Birds of a feather...the chicken on the left is a V.I.B. (Very Important Bird). She came all the way from the Border Tart, with a gorgeous Easter card of her sisters. Unfortunately she arrived in the middle of the upheaval, (see below) but now she has her own hanging space, next to the folk bird. There are some very special and affordable treasures on this site, and we at the Hovel wish the Tart all good wishes with her new venture.



Meanwhile, in the new improved studio...attempting to print for the first time in oh, about 13 years...most of it came back quite easily, some memories emerged when I hit problems. There were snags right from the start - last year I invested in 'proper' lino inks, water based...nasty. Flat, dull, thick. I had 25 sheets of nice pink linen effect card, upon which I wanted to print a poultry design. It doesn't matter how often you do test pieces on bits of scrap, sooner or later you have to bite the bullet and print on your precious stock...



The ink pushed out to the edges of the design and soaked into tiny crevices. The lino didn't want to accept the ink. The card was too shiny. I finally remembered that oil based inks are best. I went online and found a great medium, Daler Rowney Georgian block printing medium. It's recommended that you use it with their own oils, but essentially it's a sticky glop which thickens up normal oil paint and gives it the 'tack' you want for ink rolling. It saves re-investing in 'proper' relief inks, which are the best part of a tenner per tube, way beyond my pocket. It's quite frustrating at these times, when you need something 'now' and live miles from any decent shop, without a car. Internet shopping is brilliant, but delivery times are variable. I found it cheapest at Ziggy Arts and I was really pleased when it arrived the next day. That is service! And their postal rates are very reasonable too, so they get top marks from me. Bizarrely they don't seem to have it in stock anymore - did I buy their last tube?

This is how the water based inks performed...not so good.



Unfortunately, my first attempts with the new medium didn't give significantly better results at first. The (large amount) of lino I bought last year isn't 'how it used to be in the good old days'. I did check; I've got some old plates filed away, and the surface is sumptuously dense and ink saturated. The new stuff is greasy and the shiny surface pushed the ink about. I consulted Andy. He was a whizzo printer in our college days - he still is when he puts his mind to it, but that is another story. Firstly he told me my ink was too thick and then that the medium didn't work. I was determined to make it work as I can't afford to spend any more money. And as I was tidying up the edges of the design, a vague memory of 'sandpaper' crept into my troubled mind. Whizzo printer didn't think it would work - but it did! Gently sanding the surface gave the lino 'teeth' and the ink a purchase, enabling it to soak into the plate. With that, and spritzing the card, then blotting it in an old magazine, I was away. The studio started smelling nostalgically like a print room, even with the window open (remember kids, always print in a well ventilated area). There's still a lot of work and experimentation to be done, but I think I'm getting there. Better had be, I need to earn some pennies!

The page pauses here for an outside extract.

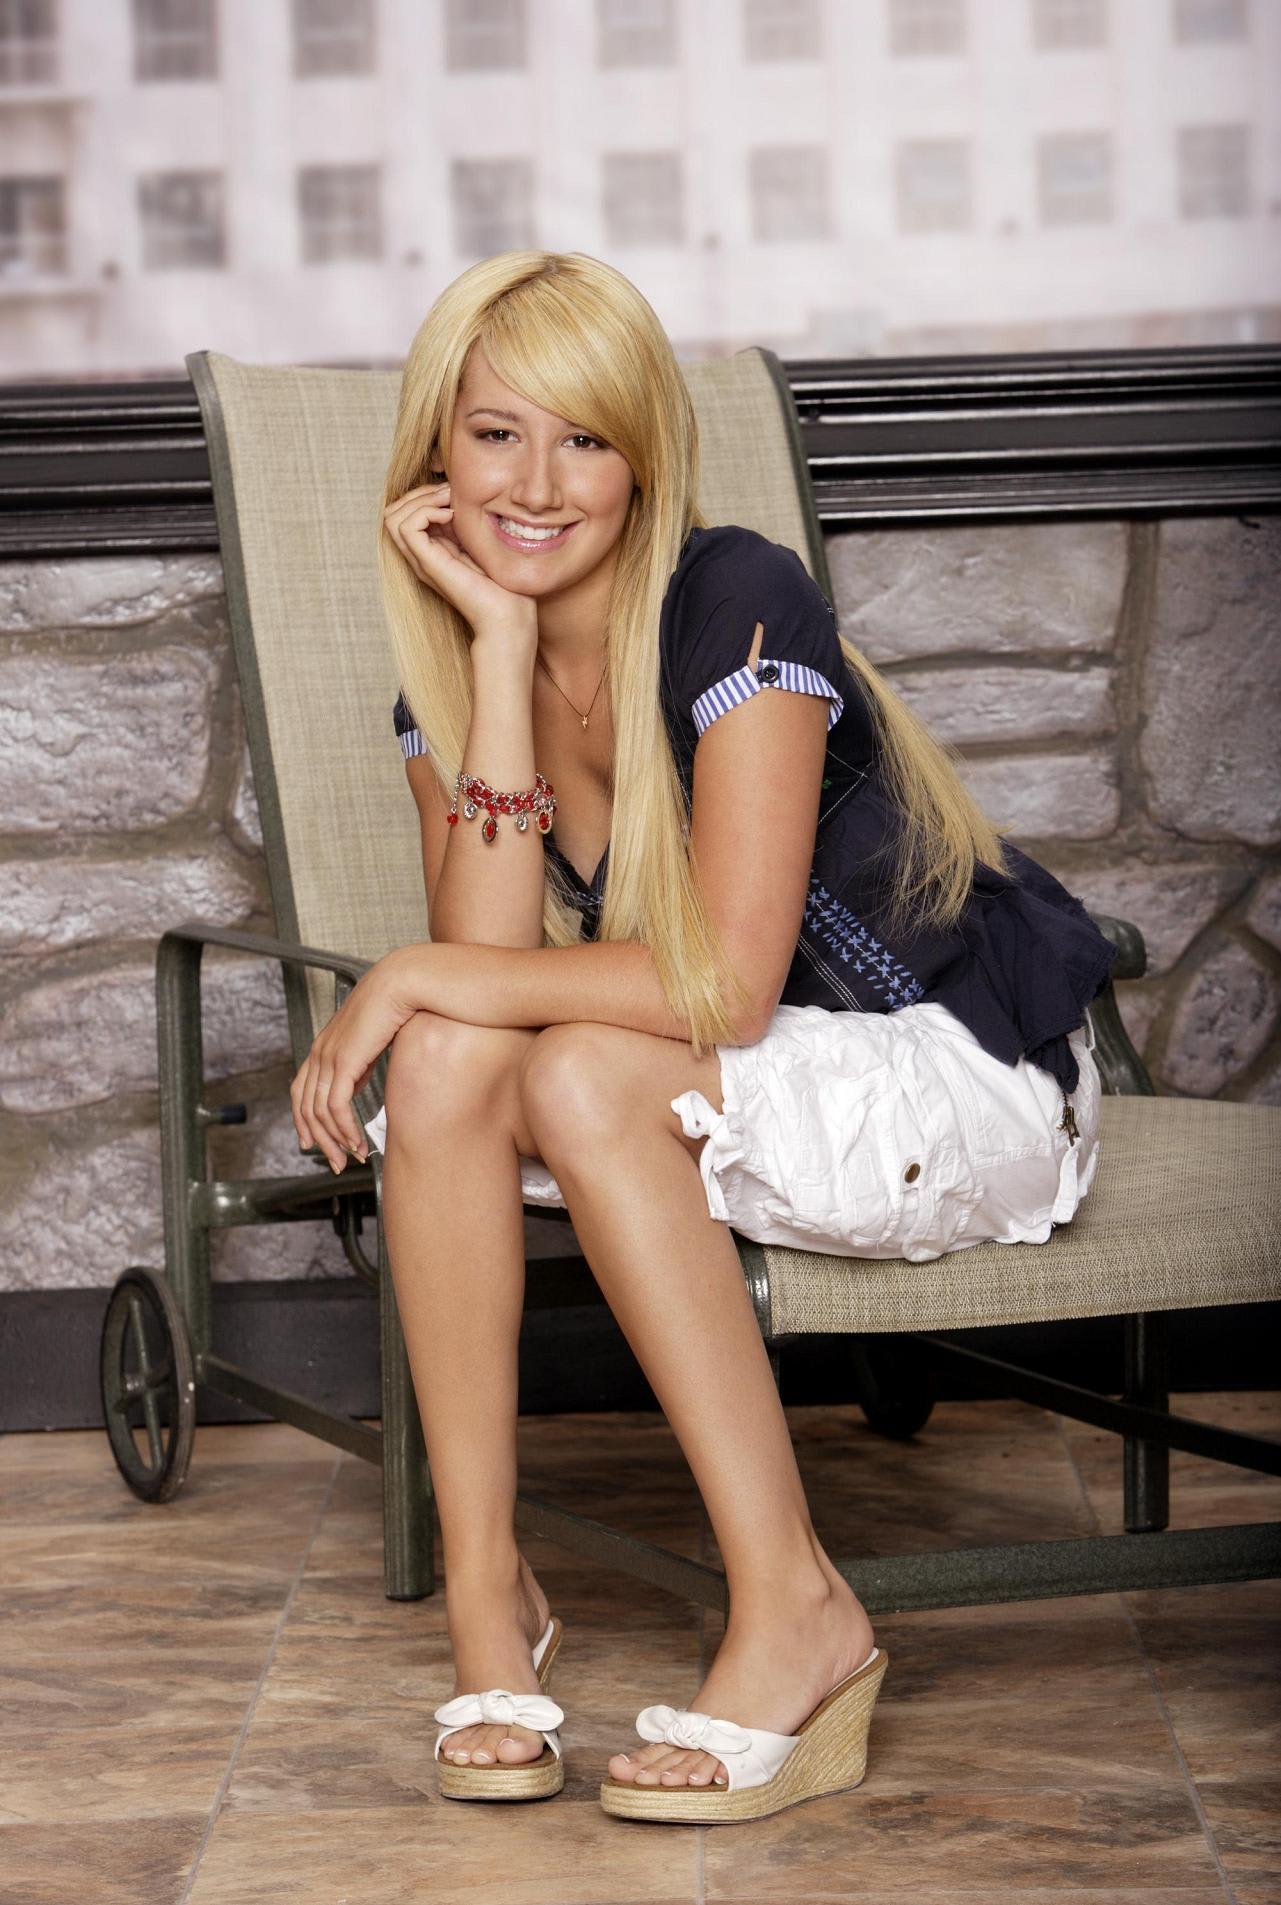 Ashley Tisdale - Suite Life Promos 2 - Favorite -4243

There is nothing like seeing repeated images Andy Warhol style. That's one of the things I love about printing.



Francie from the Scented Cottage has asked me to name favourite five blogs. Well, most of my favourites are over there in my links. Some of them are superstar popular, and for good reason. Some are not so well known, but I visit them every week, because they are brilliant.

1) The newest kid on the block is Children Chocolate and Wine. There's a long story behind this, involving the ill fated Country Living 'find a new columnist' contest - but on this barely fledged central hub-blog you'll find a plethora of new bloggers, all writing wonderfully, mostly about Real Country Life - in which very little Cath Kidston features. Many of them have never had a 'proper' blog before, but you wouldn't know it. So please extend the big bloggy hand of friendship to them and make them feel welcome.

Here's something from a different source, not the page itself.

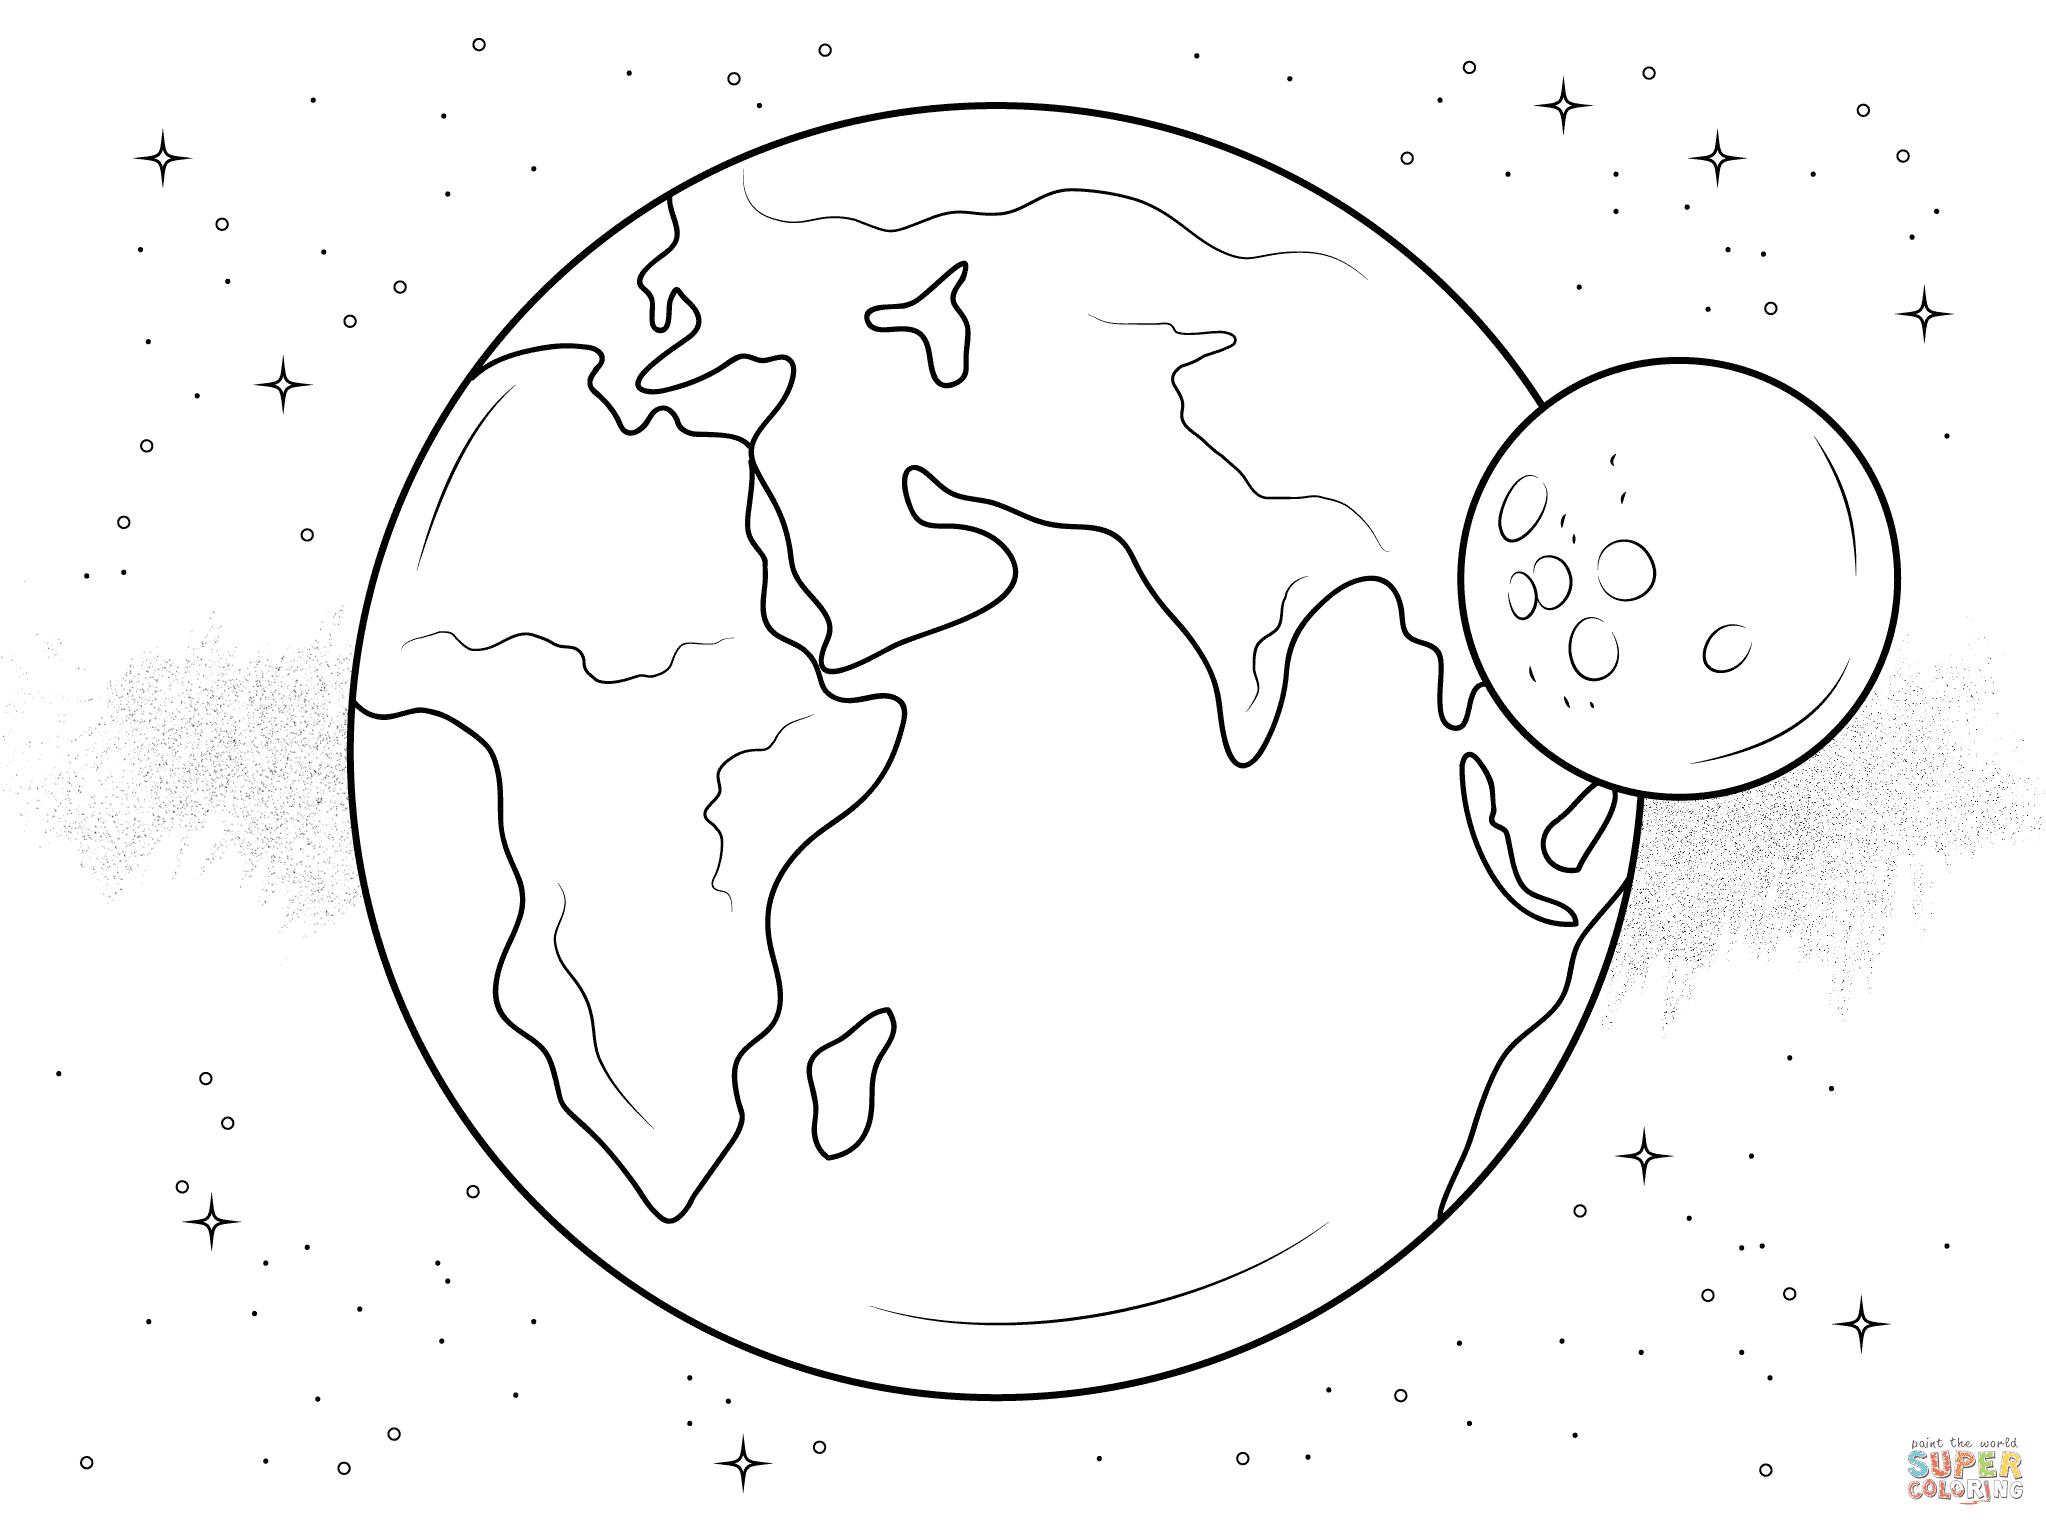 Weltraum Ausmalbilder: 30 + kostenlose Weltraum Malvorlagen

2) Ramblings of a Cotswold Gent. Very funny and often mustard sharp. One of those rare blogs which can perform on writing alone. Also the only other blog I'm aware of in our area and it's nice to know someone local.

3) Remember I'm the Bloody Architect. Supreme, witty writing, always makes me smile - does the wondrous thing of making architecture entertaining...it's the way she tells it.

4) Hannah's Country Kitchen OK, listing this means I have to divulge our new status of TV owners (yes, yes, I'll confess all another time). We got hooked on Masterchef. I was thrilled to find that the lovely Hannah, one of the finalists, has her own blog, where she shows her mind-blowingly beautiful cakes and shares her recipes. This is one of the blogs you go to for time out and niceness.

5) Oh dear, only one left...hmm...ok, quilt and patchwork heaven...Feeling Simply Quilty. Gorgeous. Simply gorgeous.

Ah yes. I hooked my web cam up. It's on when I'm in the studio, (UK time) and I put my open/shut sign up as necessary. Not that seeing my grizzled head bent over artwork is at all interesting, but it gets me to work in the morning.

EDIT - Blogger turned the comments box off! Thanks to Penny for alerting me...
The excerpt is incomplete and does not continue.